The Brand Worship Industry



There is actually something quite creepy about 'communities' of camera owners hanging around internet forums patting each other on the back because they all own the same brand of photographic gear. A bit like Windsor and Newton fans slagging off Loew-Cornell users and writing lengthy analyses about the merits of sable versus squirrel. (Paintbrushes) And there is a whole industry developing around it, which seems to have very little to do with photography. There are usually two varieties, one with the manners of a wolf pack and the other like some sewing circle on bromide. Several have been 'franchised' and the template is applied to several different brands, often with the same people running them.

So what's this all about? Just another of those "He's having a pop at someone again.' posts? Well, I thought I'd try to explain the two seemingly contradictory posts I wrote about whether m4/3 cameras can (or not) be professional cameras. The reason for the two posts is I have both points of view. Now this either makes me ultra sophisticated with the ability to handle opposing concepts or an indecisive ditherer. I'll leave that up to you. But the point is that of all the nonsenses of the internet, this is the one that annoys me the most. To me these camera supporters clubs are ridiculous and in many ways anti-photographic, because they ascribe a value to whatever camera and lenses people use way beyond what they deserve. They also make the very act of camera ownership more important than taking pictures and place the announcing, reviewing, purchasing and owning of photographic gear at the centre of these communities and the sole reason for their existence rather than treating it as a tool, a means to an end and something that is of interest solely because of what it can achieve.

So, the situation is not as one person commented on Google+, that there are four different people writing this blog! I'm afraid it's not that interesting, it's just me grappling with indecision, doubt and an ongoing debate about what I like using as opposed to what I think I should be using. And under all circumstances, all of that confusion is because I'm trying to produce the best images I can. And what I'm not trying to do is own the camera system that gets the highest approval rating from my fellow fans. 
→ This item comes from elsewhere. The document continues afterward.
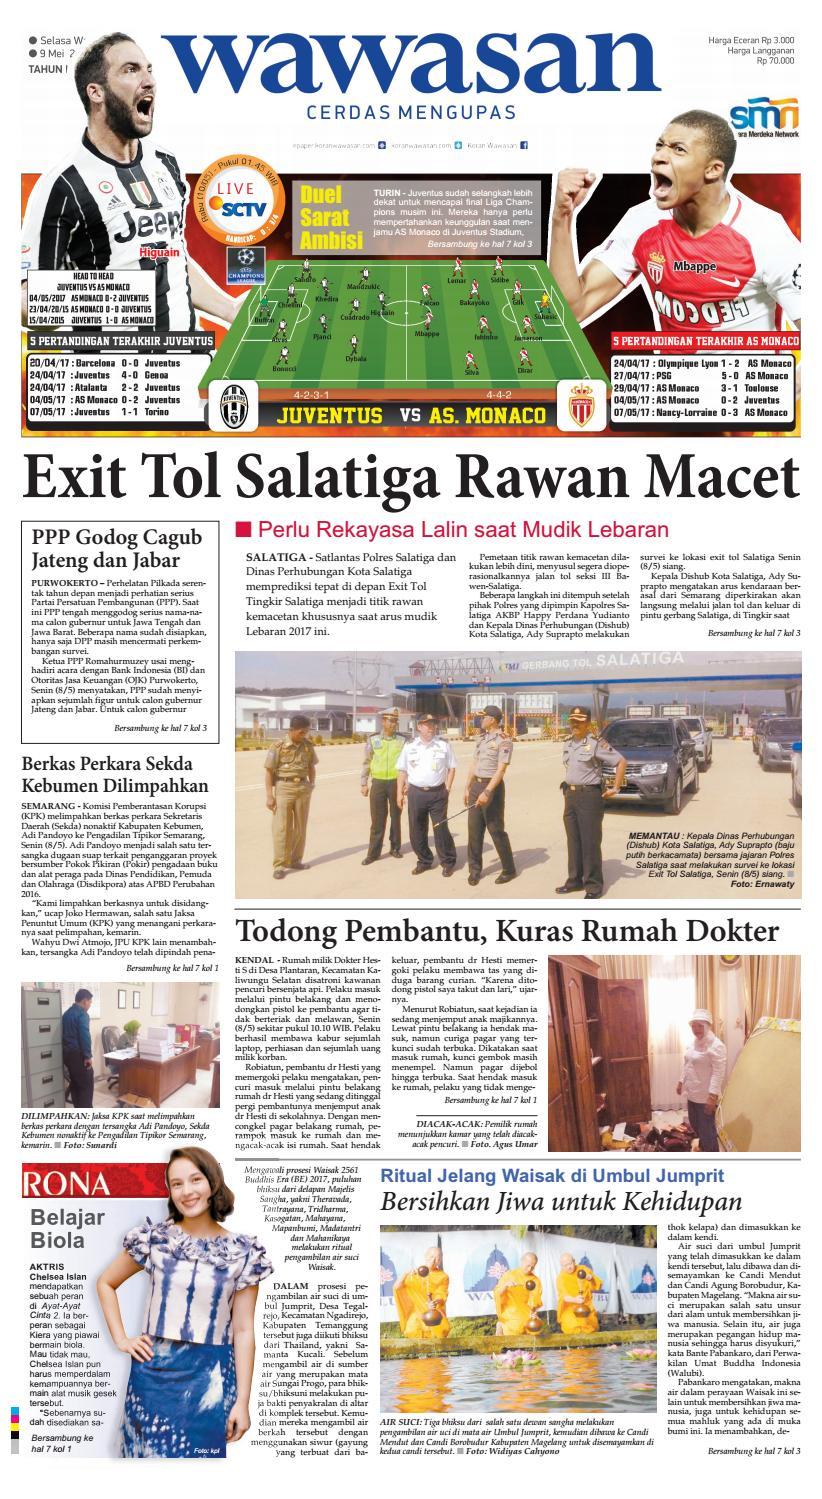 Wawasan 09 Mei 2017 By Koran Pagi Issuu Kopibubuk Robusta Toko Rezeki Akumandiri Malang
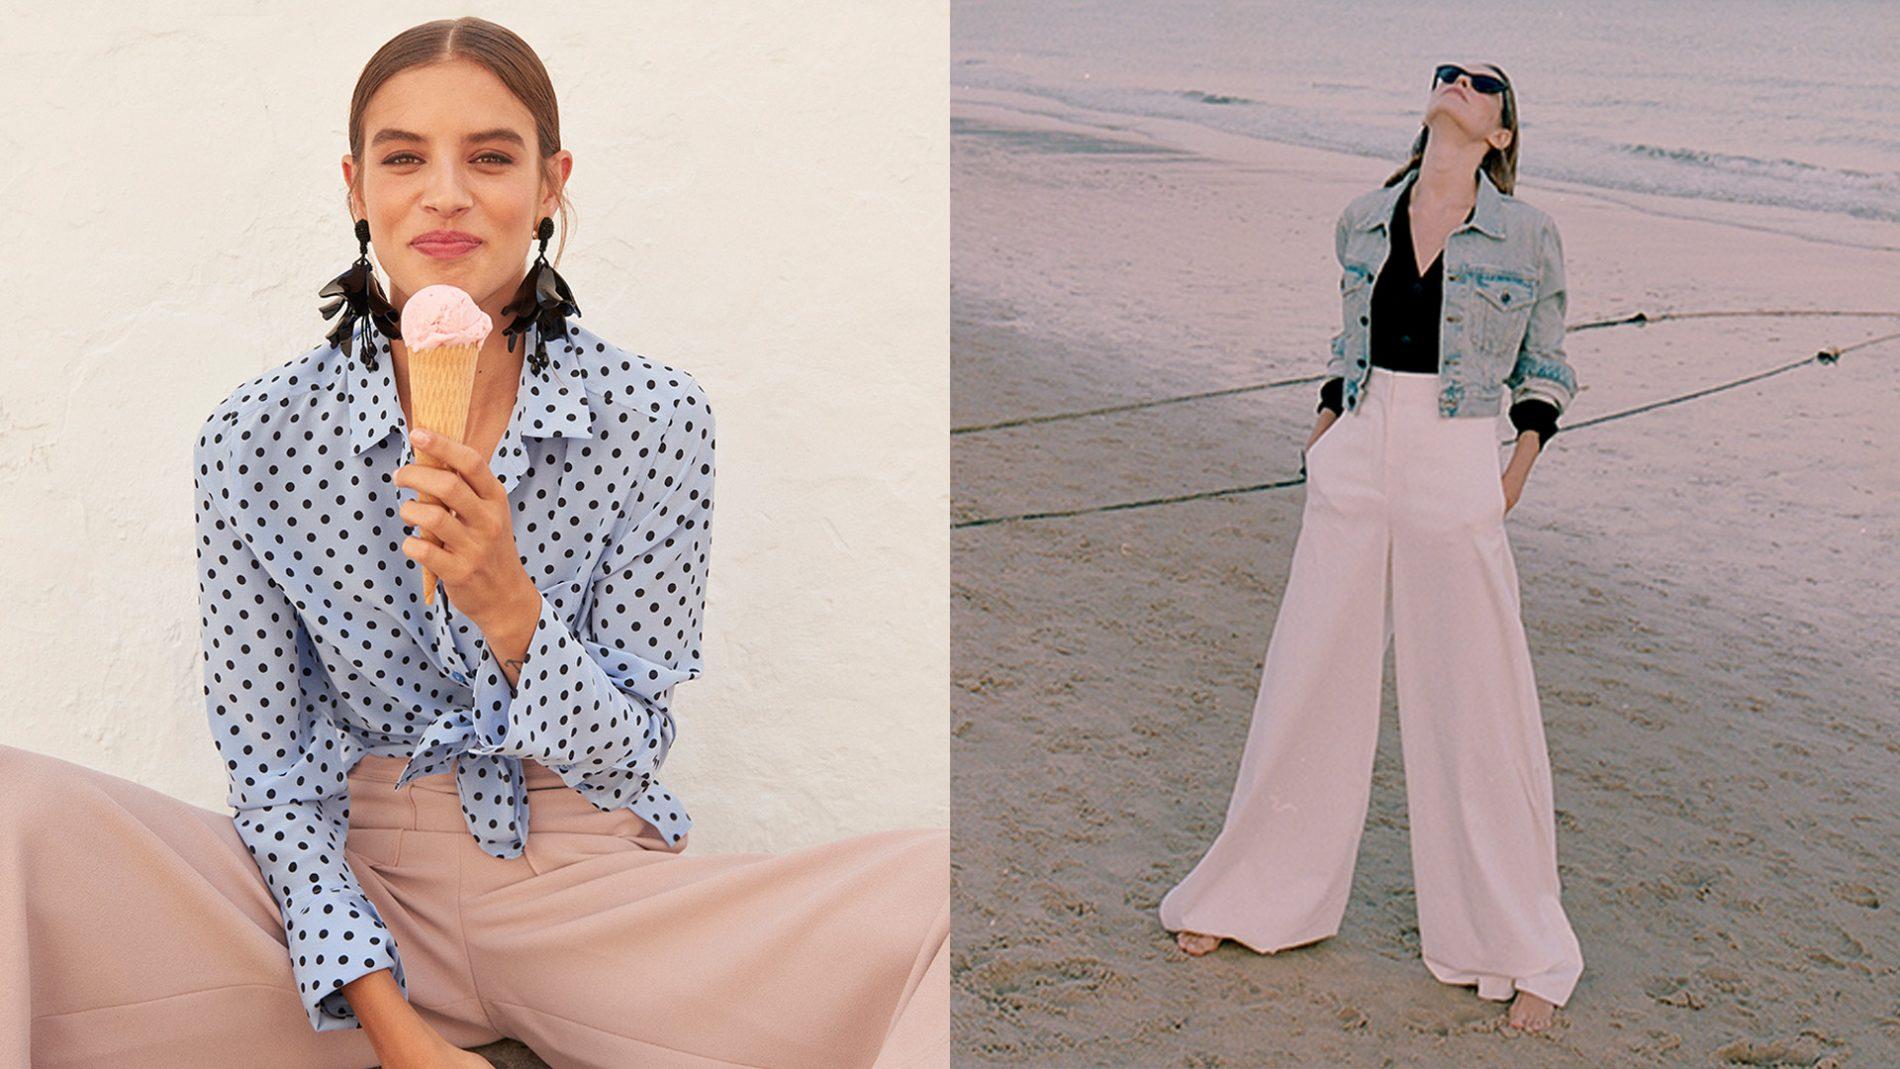 El Corte Inglés Ready-To-Wear Sunglasses Emilio Pucci Alexander Wang Rag & Bone Moschino See By Chloe

There's the old apocryphal story of the burning house and the amateur photographer rushing back to save his cameras and the professional battling through the flames to save his pictures. I will admit that in the same situation I would attempt to save both, but on the brand worshipping sites there is no doubt what the majority of the contributors would choose to save. That is assuming, of course, that they had actually taken any pictures with their precious gear that they thought were worth saving.